As galinhas entram em assembleia imediatamente. Margareth vê chegada de algo. Josefina vê migalha que não foi deixada por humano. Judith vê intenção, que é pior que briga.
Clotilde, a do silêncio, grita: "FOI SABOTAGEM!"
Ângelo aparece, branco que é calma: "É apenas milho. É apenas brincadeira. É apenas teste."
As galinhas, sendo galinhas, não acreditam totalmente. Mas acreditam parcialmente, que é como acreditam de tudo. E ciscam o milho, que é comida, que é prova, que é Arrepius sendo atendido em sua bagunça e Ângelo sendo atendido em sua paz.
O segredo de Arrepius
Apesar de parecer, de ser, bagunceiro, provocador, incitador de confusão, Arrepius tem função que não é oposição a Ângelo. É complemento.
Ele representa:
Curiosidade que não pergunta "posso?"
Rebeldia que não espera "deveria?"
Vontade de testar limites que é, no fundo, vontade de saber onde limites estão
Sem ele, o Solar seria certinho demais.
Seria Ângelo sem contraste, luz sem sombra, ordem que é prisão disfarçada.
Arrepius é tempero.
É pimenta no doce, é nota dissonante que resolve, é erro que torna perfeição interessante.
"Arrepius não é vilão. É necessário. Como Ângelo é necessário. Como ambos são necessários juntos, no mesmo ombro, no mesmo momento, no mesmo miau que é pergunta e resposta."
Todos veem.
Não são invisíveis, não são mistério, não são só para quem acredita. São gatinhos, e gatinhos são vistos por todos, por Madame Hey, que sorri; por Sir Ratatônio, que desconfia; por Morcélio, que não sabe se ouve ou imagina; por Baltazar, que não se importa; pelas galinhas, que entram em assembleia; por Lucerna, que brilha mais quando ambos aparecem, porque decisão é luz que intensifica.
Não são reais no sentido de Rudolph, de comer, de dormir, de ser gato. São reais no sentido de Solar: de força, de tendência, de voz que não existe mas é ouvida. Gatinhos feitos de possibilidade, de escolha que ainda não foi feita, de momento antes do momento.
Hoje
Continuam aparecendo. Continuam miauando contradições. Continuam sendo Ângelo, cuidado, calma, esperança e Arrepius, risco, impulso, e se? no mesmo ombro, na mesma decisão, no mesmo Solar que vive entre luz e sombra, ordem e bagunça, Jardim da Lua e Jardim da Meia-Noite.
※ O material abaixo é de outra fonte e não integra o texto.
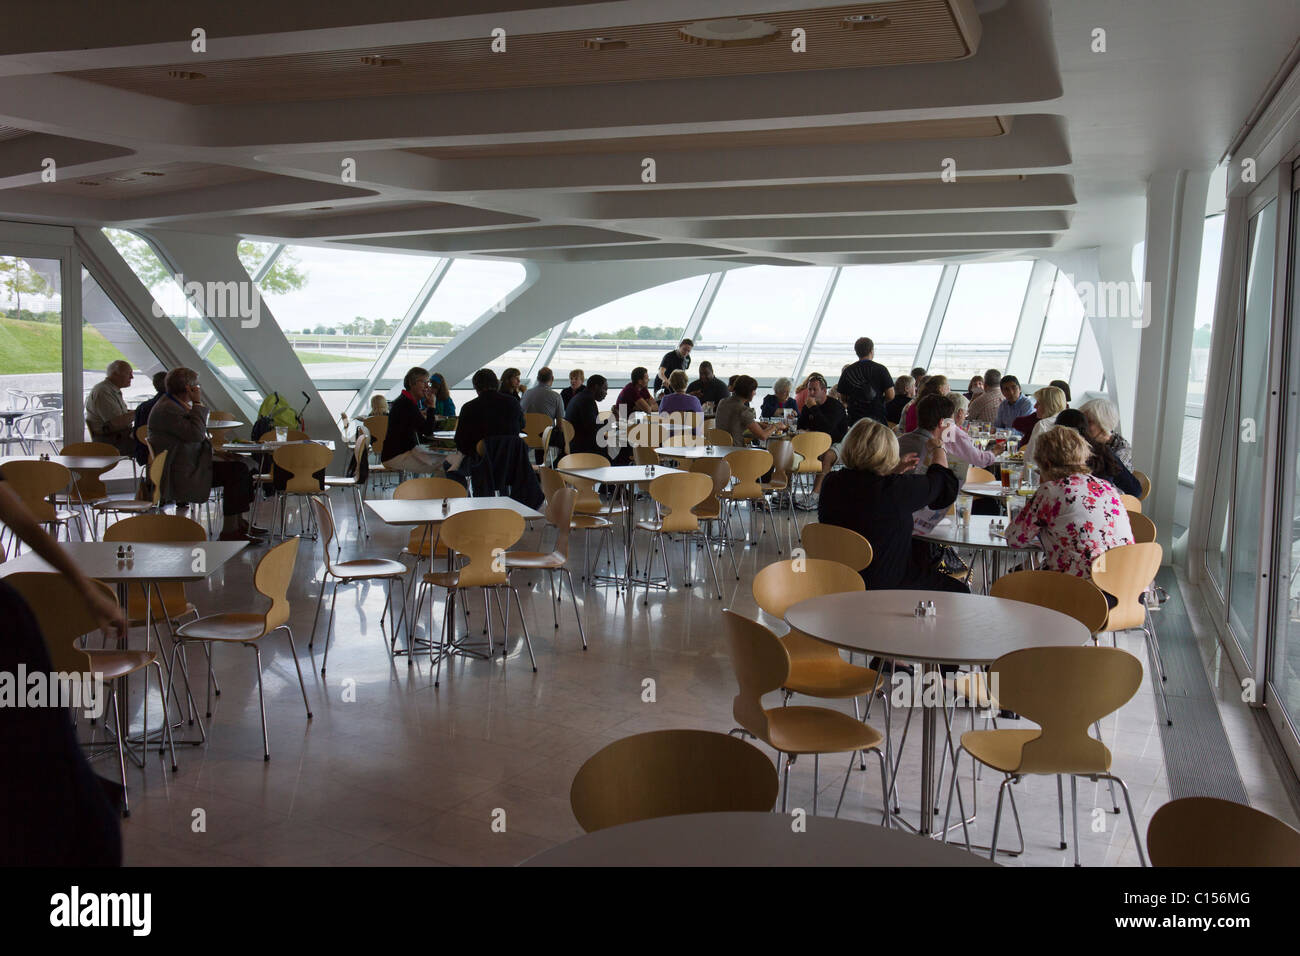 Café Calatrava, Quadracci Pavilion, conçue par Santiago Calatrava, Milwaukee, Wisconsin, États-Unis Banque D'Images

A Madame Hey, às vezes, tenta acariciar Ângelo. Mão passa através ou quase através, ou através de algo que é quase gato. Não importa. Importa que tentou. Que reconheceu. Que deixou, no ombro, espaço para ambos.
"As Duas Vozes do Solar não são anjinho e diabinho de conto moral, onde um deve vencer. São anjinho e diabinho de criação, onde ambos devem ser ouvidos. Onde decisão é não escolha entre, mas síntese de. Onde gatinho branco e gatinho preto, no mesmo ombro, no mesmo miau, lembram que Solar é lugar de ambos, sempre ambos, nunca só um, nunca só outro."
---
No Solar, acreditamos que decisão não é linear. Que cuidado e risco são irmãos, não inimigos. E que dois gatinhos pequenos, visíveis a todos, miauando contradições no ombro de quem precisa decidir, são forma mais honesta de ajuda: não escolhendo por você, apenas lembrando que escolha existe, e que, sendo Solar, será sempre, gloriosamente, terrivelmente, ambas.